Para completar, a nova líder da RTRS mencionou as vantagens para os produtores rurais ao terem soja certificada como responsável: “A primeira grande vantagem é que ele consegue acessar mercados mais sofisticados, que pagam melhor. E a segunda grande vantagem é que ele consegue vender não somente a soja física, mas também os créditos dessa soja sustentável. Temos hoje um mercado bastante interessante, em que as empresas compensam sua pegada de carbono com a compra desse crédito.”, disse.

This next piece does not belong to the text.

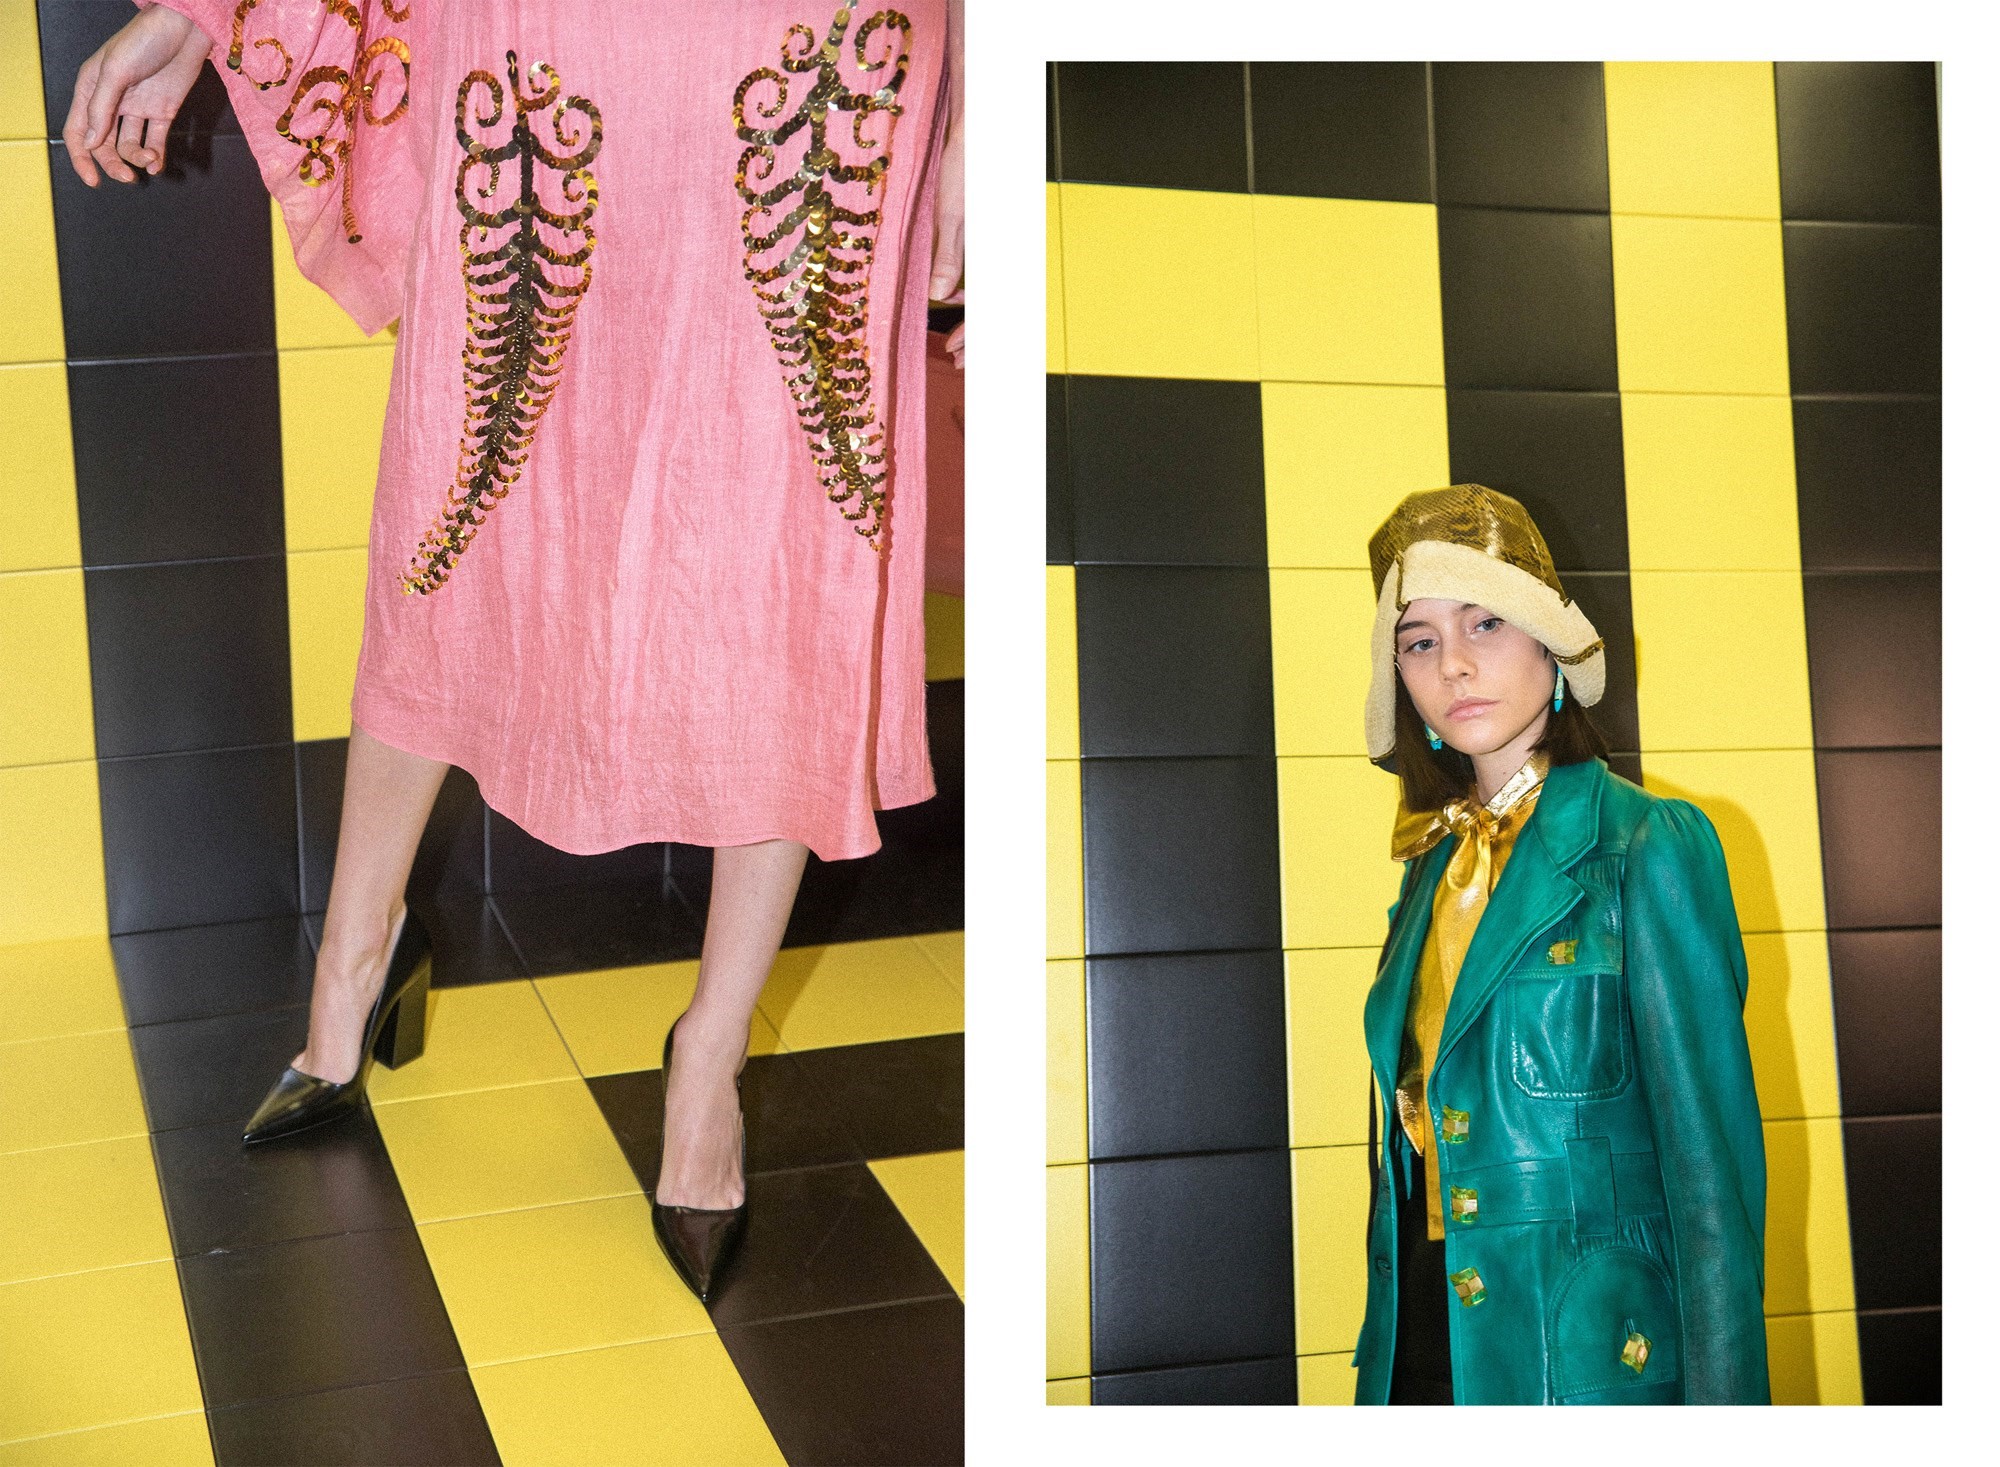 How Miuccia Prada Reinvented Fashion - The New York Times

Luiza ainda deu alguns detalhes sobre a certificação:
- A certificação da RTRS considera 108 indicadores de sustentabilidade ambiental, social e econômica, incluindo rastreabilidade.
- O processo de certificação ocorre em três etapas, permitindo que o produtor se adapte gradualmente às exigências estabelecidas.
- No Brasil, a RTRS possui uma parceria com a Abiove (Associação Brasileira das Indústrias de Óleos Vegetais) para auxiliar os produtores no processo de adequação aos indicadores de sustentabilidade.
- Além de certificar os produtores, a RTRS também certifica toda a cadeia de custódia, o que inclui plantas de processamento, portos que recebem a soja e espaços de armazenamento do grão.
Entretanto, o país ainda enfrenta desafios no que diz respeito a certificação e Luiza Bruscato explica o motivo: “Brasil é um dos principais mercados de soja sustentável. Temos 308 produtores certificados, em uma lista com agricultores individuais, produtores que têm várias fazendas e certificação em grupo, quando grupos de produtores ou associações se juntam. Um dos desafios de expansão é a existência da data de corte do desmatamento zero; quem não está dentro disso, não consegue se certificar”, destacou.
Por fim, ainda destaca um fator cultural: “Entre os gargalos estão ainda a dificuldade de comunicação, de fazer essa informação chegar ao produtor e o acesso a linhas de crédito que permitam ao produtor fazer as mudanças necessárias na fazenda. Também tem uma questão cultural. Tradicionalmente, nós não somos um país que tem o costume de certificar tudo, diferentemente dos Estados Unidos”.